A Scalding GroupBuilder is basically a group of named tuples, which have been grouped by a field, and upon which you can operate inside a grouping operation. Here, we've grouped by the first_song field, and we sort the group by the number of times the second song has been played. The result is a list of songs in the order from most to least played, in the field top_songs.

top_songs contains the data we want: the next top songs, sorted by popularity, that follow any particular song. The last few lines are the machinery required to put that into our songs table.

Do some additional processing on the tuples

Next, we convert the tuple in top_songs to an Avro record with one field top_next_songs.

.map('top_songs -> 'top_songs) { ts: List[SongCount] => ts.asJava }
    .pack[TopSongs]('top_songs -> 'top_next_songs)

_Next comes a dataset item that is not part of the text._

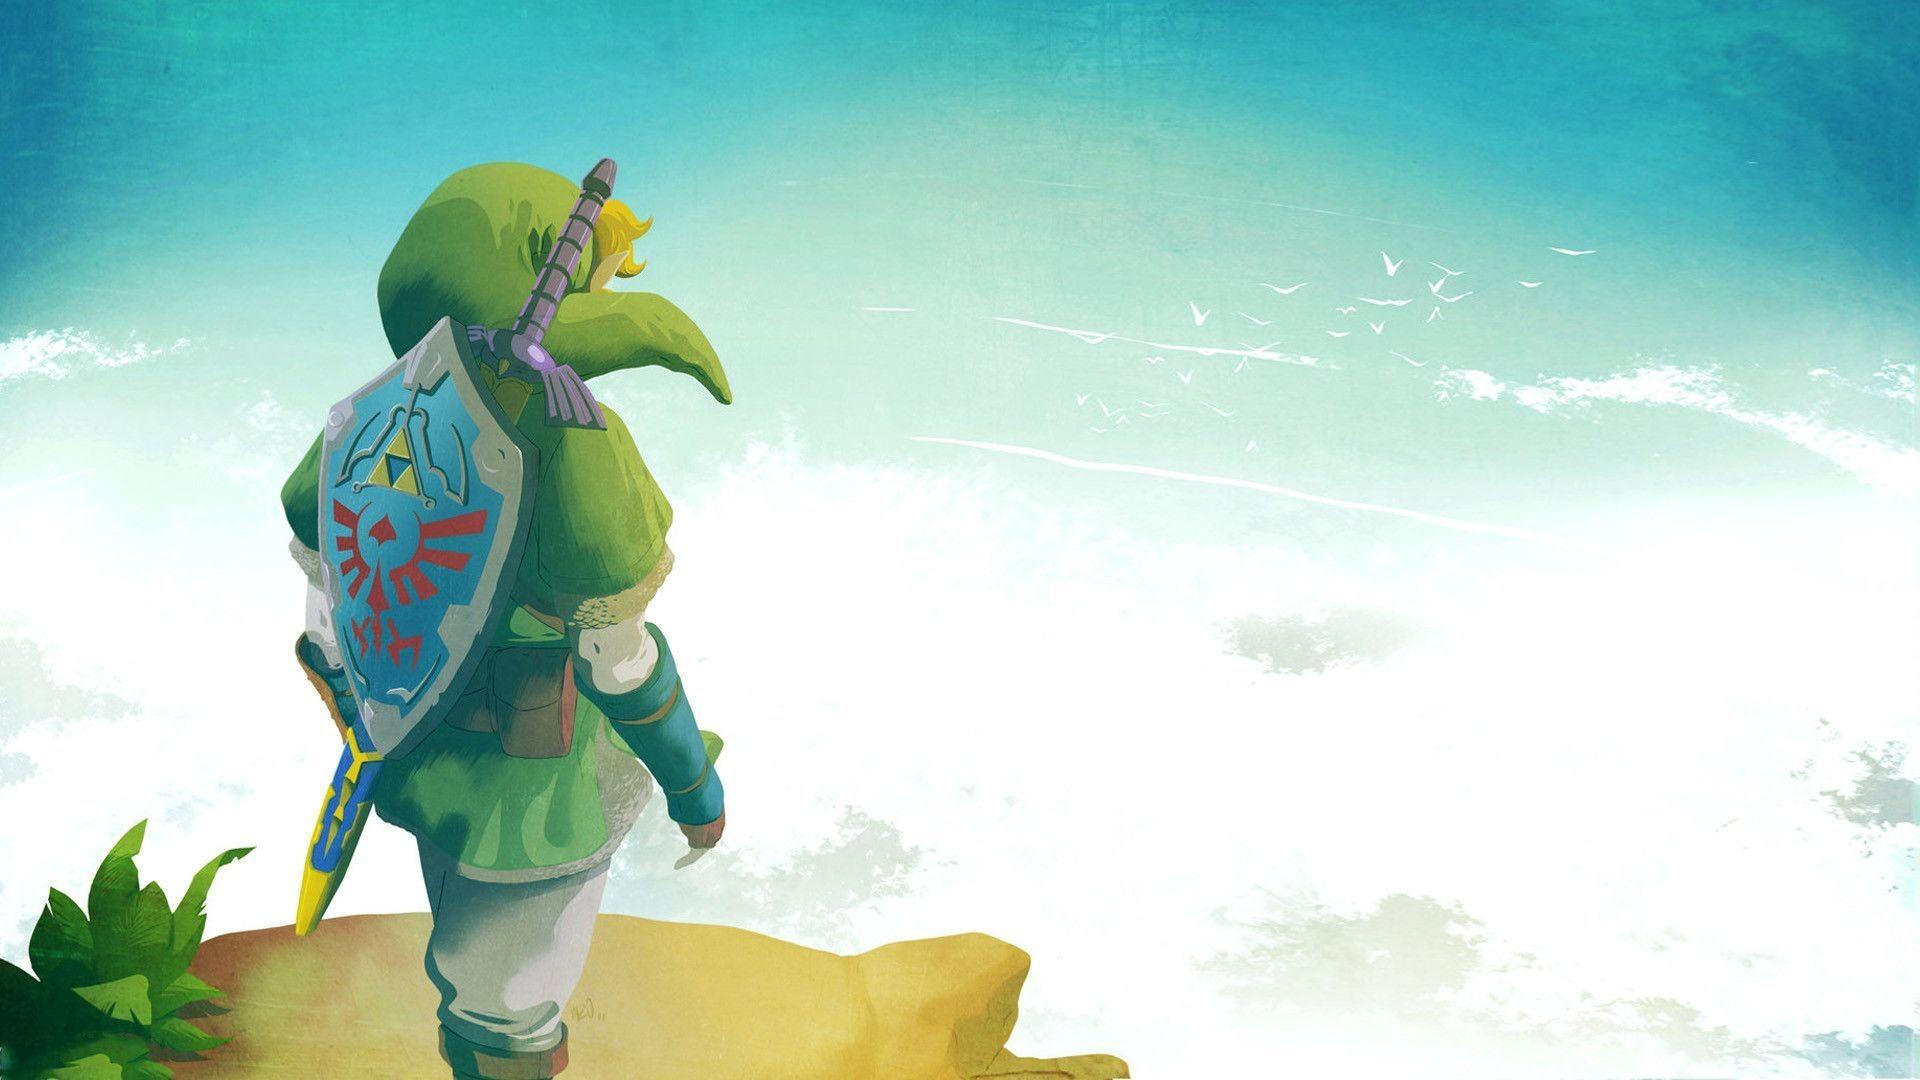 Download Free Legend Of Zelda Wallpapers

The call to asJava converts our Scala List into a Java List for Avro serialization (Avro requires a Java List.) The Avro definition for TopSongs follows:

record TopSongs {
  array<SongCount> top_songs;
}

Write the top_next_songs field to the “info:top_next_songs” column in the Kiji table

Finally, we create entity IDs using the first_song field and put it in the entityId, then write the top_next_songs field to the "info:top_next_songs" column in our table.

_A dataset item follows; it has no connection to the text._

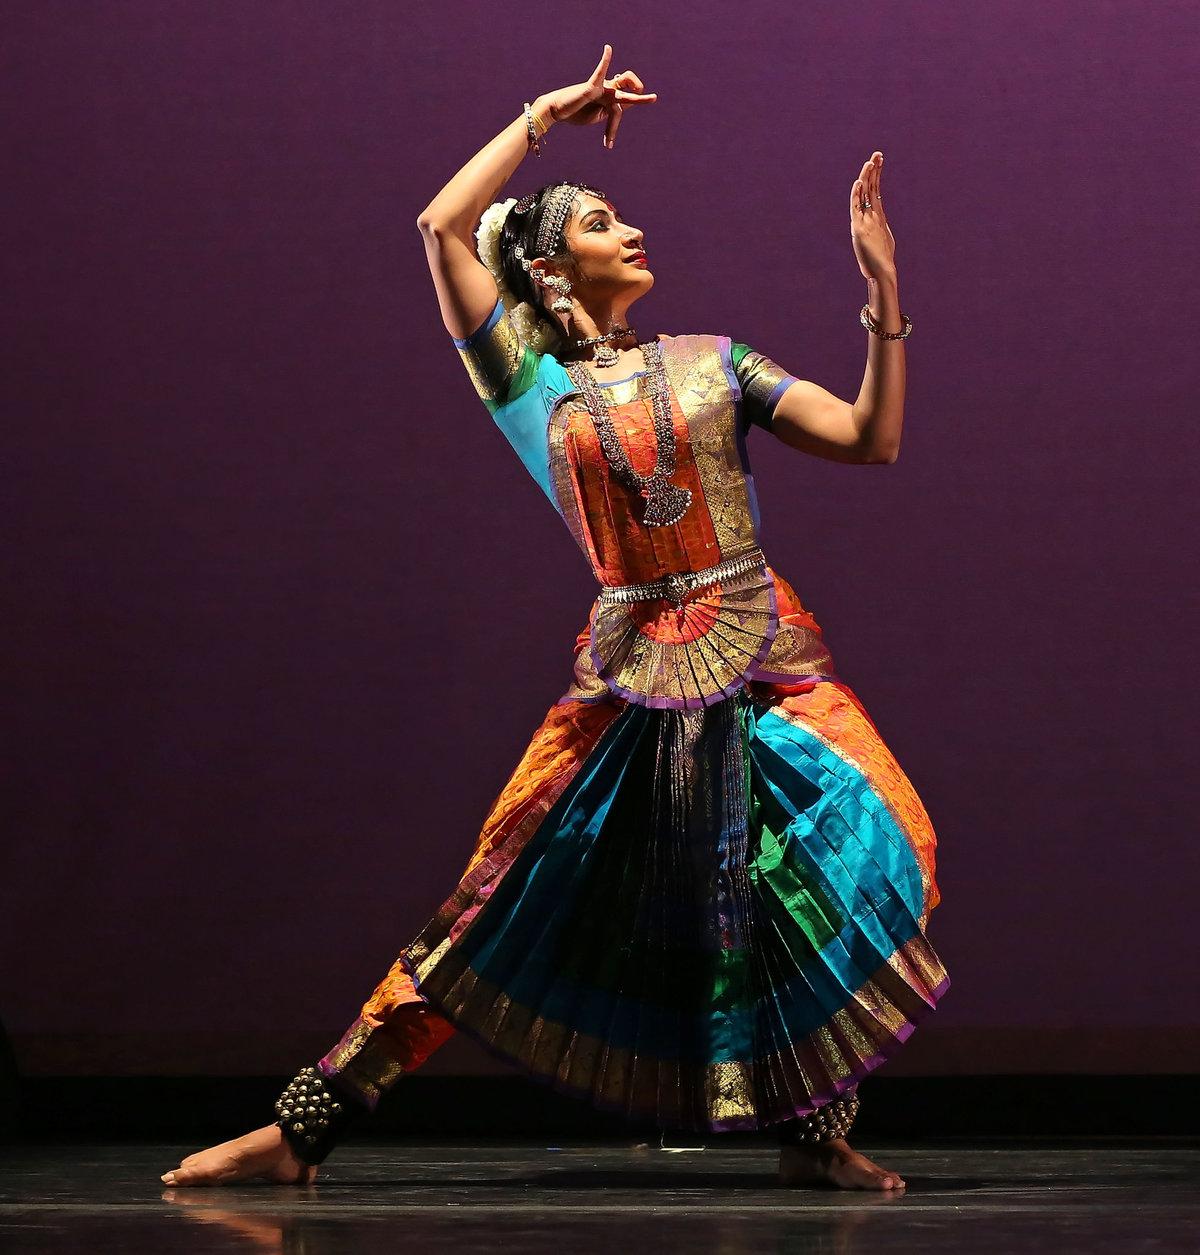 Открытка танцовщица в прозе индийского классического танца бхаратанатьям цена, очень

.map('first_song -> 'entityId) { first_song: String => EntityId(first_song) }
    .write(KijiOutput.builder
        .withTableURI(args("songs-table"))
        .withColumnSpecs('top_next_songs -> QualifiedColumnOutputSpec.builder
            .withColumn("info", "top_next_songs")
            .withSchemaSpec(SchemaSpec.Specific(classOf[TopSongs]))
            .build)
        .build

Running TopNextSongs

  • To run the TopNextSongs job:
express.py job --libjars="${MUSIC_EXPRESS_HOME}/lib/*" \
    --user-jar=${MUSIC_EXPRESS_HOME}/lib/kiji-express-music-2.0.4.jar \
    --job-name=org.kiji.express.music.TopNextSongs --mode=hdfs \
    --users-table ${KIJI}/users \
    --songs-table ${KIJI}/songs

Verify the Output

  • To see the output from the job:
kiji scan ${KIJI}/songs --max-rows=2

You should see:

Scanning kiji table: kiji://localhost:2181/kiji_express_music/songs/
entity-id=['song-32'] [1365549351598] info:metadata
    {"song_name": "song name-32", "artist_name": "artist-2", "album_name": "album-0", "genre": "genre1.0", "tempo": 120, "duration": 180}
entity-id=['song-32'] [1365550614616] info:top_next_songs
    {"top_songs": [{"song_id": "song-31", "count": 8}, {"song_id": "song-30", "count": 8}, {"song_id": "song-33", "count": 6}, {"song_id": "song-32", "count": 6}, {"song_id": "song-38", "count": 4}, {"song_id": "song-37", "count": 4}, {"song_id": "song-39", "count": 2}, {"song_id": "song-8", "count": 2}, {"song_id": "song-6", "count": 1}, {"song_id": "song-34", "count": 1}, {"song_id": "song-29", "count": 1}, {"song_id": "song-24", "count": 1}, {"song_id": "song-23", "count": 1}, {"song_id": "song-0", "count": 1}]}
entity-id=['song-49'] [1365549353027] info:metadata
    {"song_name": "song name-49", "artist_name": "artist-3", "album_name": "album-1", "genre": "genre4.0", "tempo": 150, "duration": 180}
entity-id=['song-49'] [1365550613461] info:top_next_songs
    {"top_songs": [{"song_id": "song-38", "count": 1}, {"song_id": "song-8", "count": 1}, {"song_id": "song-31", "count": 1}, {"song_id": "song-10", "count": 1}, {"song_id": "song-6", "count": 1}]}

Notice that for each of these songs, there is now a info:top_next_songs column, which contains a record “top_songs”, the list of top songs played after each of these, in order of popularity. We now have the data necessary for a song recommendation model based on the most popular next songs.